Building Your Own wc Tool in C# Code Challenge
Table of Contents
The Unix wc (word count) tool is a classic command-line utility that counts the number of lines, words, and characters in a text file. In this post, we’ll work on a minimalistic version of this tool using C#.
For this project let’s focus on clarity over optimization, so even beginners can follow along.
Introduction #
The wc tool is quite useful for analyzing text files in the terminal. It provides simple statistics:
- Number of lines
- Number of words
- Number of characters
- Number of bytes
This blog post is based on a code challenge where the goal is to recreate the functionality of the wc tool in your language of choice.
Below, we’ll build a minimal version of wc using C#.
Step-by-Step Implementation #
First, let’s break down what we’ll need.
- Reading the file: We’ll use a stream to read the contents of the file.
- Counting lines, words, and characters: We’ll write simple methods to count these.
- Handling command-line arguments: We’ll add options to count specific things (lines, words, bytes, etc.).
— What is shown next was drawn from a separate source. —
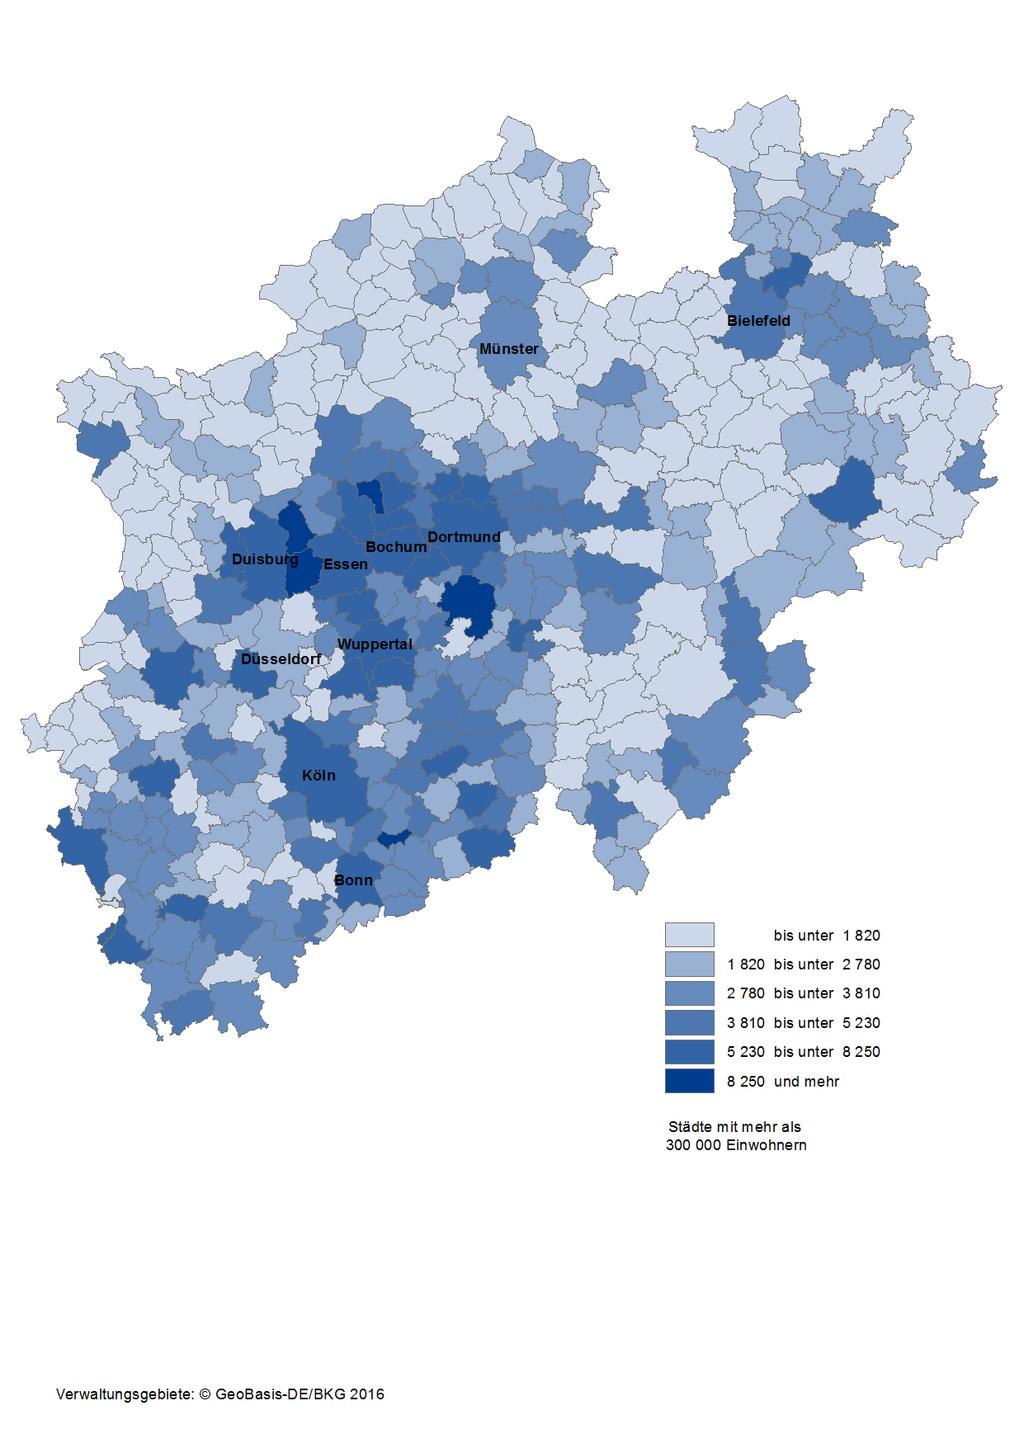 Karte 14: Integrierte kommunale Schulden der kreisangehörigen Gemeinden und kreisfreien Städte in Nordrhein-Westfalen am 31.12.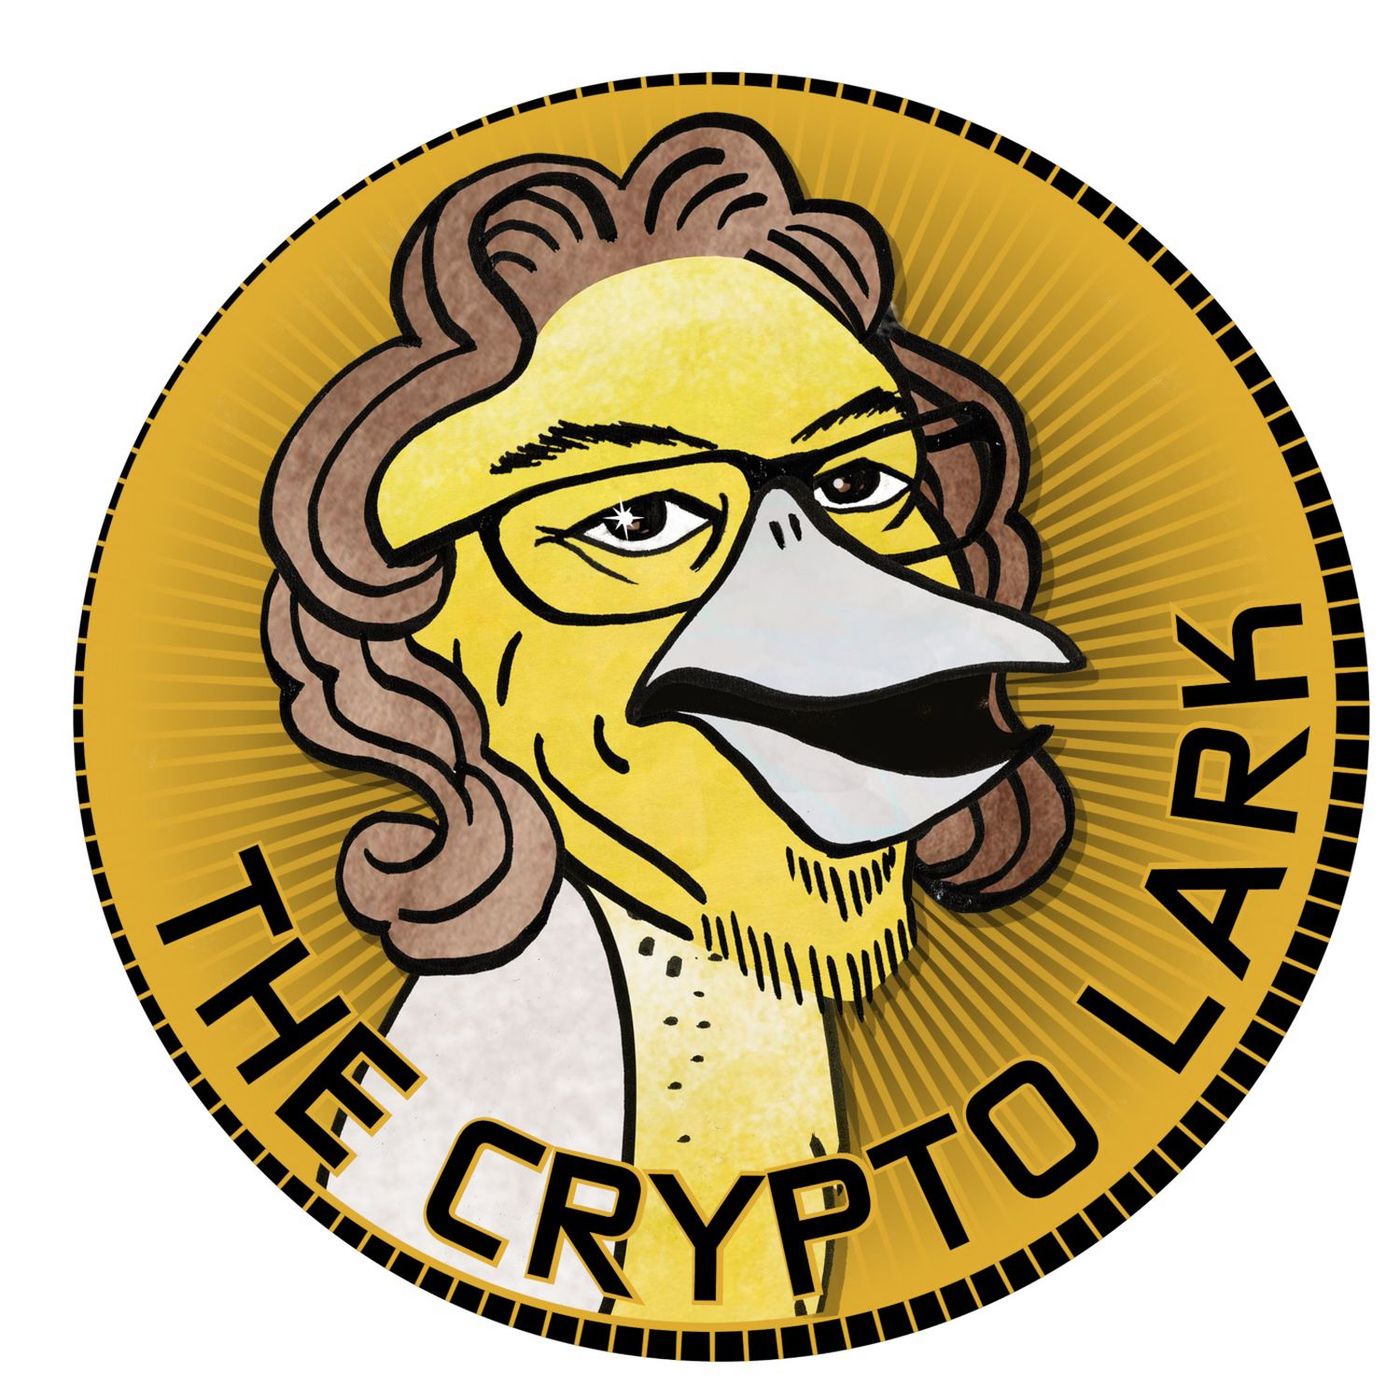 crypto lark haven

Here’s the code for our minimal wc tool:
using System;
using System.IO;
using System.Linq;
using static System.Console;
if (args.Length == 0)
{
PrintUsage();
return;
}
var parsedArgs = ArgumentsParser.Parse(args);
try
{
using var reader = new StreamReader(parsedArgs.FilePath);
long lineCount = 0, wordCount = 0, charCount = 0, byteCount = 0;
string? line;
while ((line = reader.ReadLine()) != null)
{
if (parsedArgs.CountLines) lineCount++;
if (parsedArgs.CountCharacters) charCount += line.Length + 1; // +1 for newline character
if (parsedArgs.CountWords) wordCount += CountWords(line);
if (parsedArgs.CountBytes) byteCount += System.Text.Encoding.UTF8.GetByteCount(line) + 1;
}
if (parsedArgs.CountLines) Write($"{lineCount} ");
if (parsedArgs.CountWords) Write($"{wordCount} ");
if (parsedArgs.CountBytes) Write($"{byteCount} ");
if (parsedArgs.CountCharacters) Write($"{charCount} ");
WriteLine(parsedArgs.FilePath);
}
catch (FileNotFoundException)
{
WriteLine($"Error: The file '{parsedArgs.FilePath}' does not exist.");
}
static long CountWords(string line)
{
// Split the line by spaces and count non-empty entries
var words = line.Split(' ', StringSplitOptions.RemoveEmptyEntries);
return words.Length;
}
static void PrintUsage()
{
const string usage_helper = @"Usage: ccwc [OPTION]... [FILE]...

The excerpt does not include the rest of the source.